In the imdb notebook inside get_texts(df, n_lbls=1)
the following line:
for i in range(n_lbls+1, len(df.columns)): texts += f’ {FLD} {i-n_lbls} ’ + df[i].astype(str)
I feel should be changed to:
for i in range(n_lbls+1, len(df.columns)): texts += f’ {FLD} {i-n_lbls+1} ’ + df[i].astype(str)
Otherwise we will end up with 2 fields that have xfld=1

chunduri · April 3, 2018, 9:04pm

you mean root words, which could be common to different language groups. sounds like a great idea.
jeremy was talking about sub-words in class, which divides each words into its roots I think is close to this idea.

mcleavey · April 3, 2018, 9:08pm

I’m struggling with keeping Focal Loss from running out of memory (I’m trying to rewrite it since here there are so many target classes). I’m running the hinge loss version now (that was easier since there’s already a version in PyTorch).

miguel_perez · April 3, 2018, 9:11pm

Actually I needed this lesson, the emphasis in conceptual difference: Language models vs. custom embeddings

Somehow I didn’t get such a clear picture after part 1. My mental summary after class 4 part1 was “ok, custom embeddings”. So wrong! (My bad, I’ve rewatched the lesson and it was all already there, crystal clear).

But now finally after this lesson I think I got that “crux” of language model approach to transfer learning.
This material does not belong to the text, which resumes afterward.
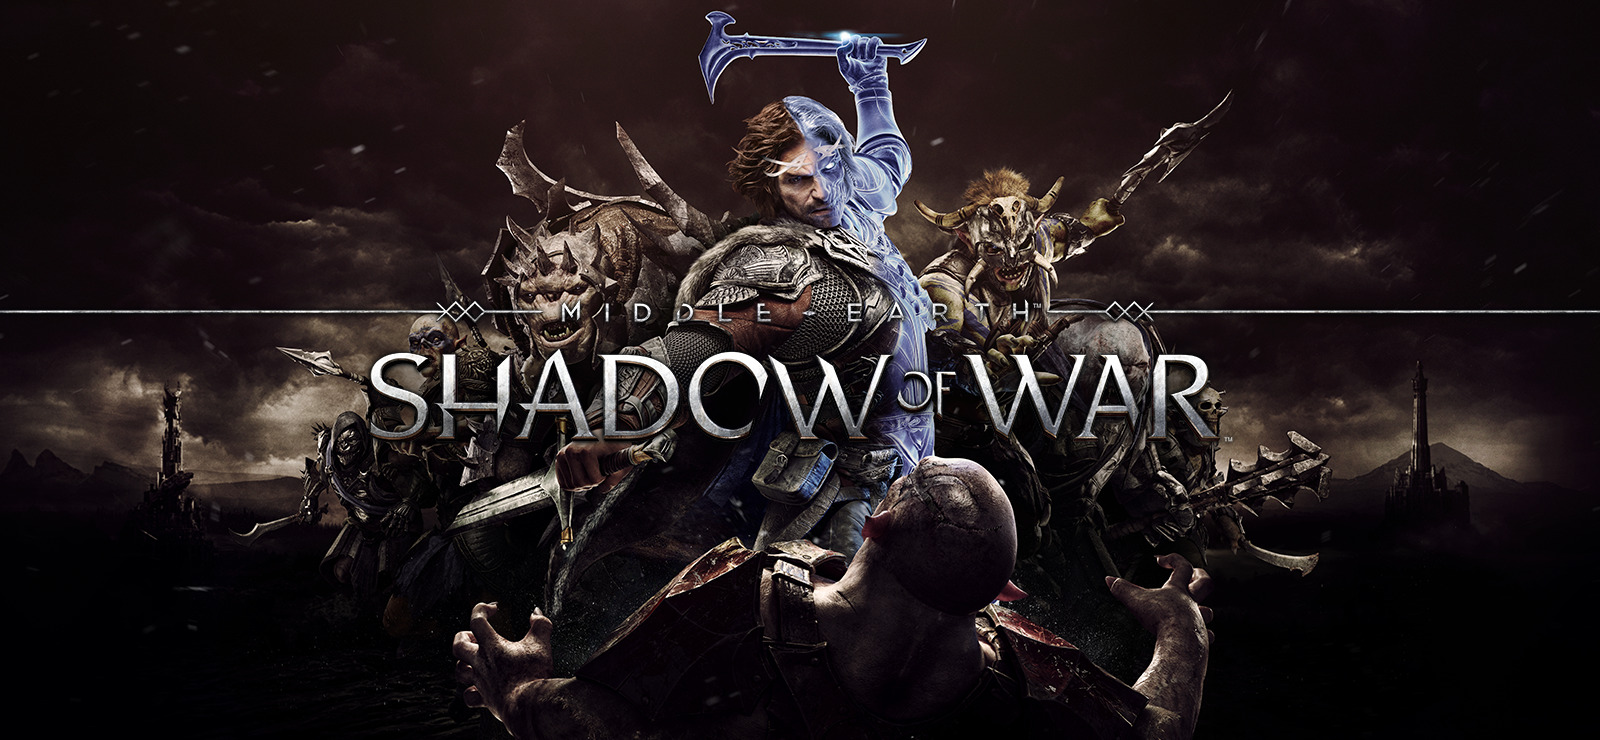 دانلود ترینر بازی Middle Earth Shadow of War

I usually consider if I can not summarize an idea with a few simple sentences probably I dont really have the idea, so I tentatively would try to summarize:

-It is, but no not so much about custom embeddings “initialized” learning the structure of english.
-It is, but no not so much about letting custom embeddings learn classification task

-It is, much more, about both tasks sharing the architecture.

Probably I will reconsider this summary after a couple of more rewatches of lesson but as I said, really usefull all the times both Rachel and Jeremy emphasized “we are not using embeddings, but a language model”. After four or five times of hearing it the “heads up” worked.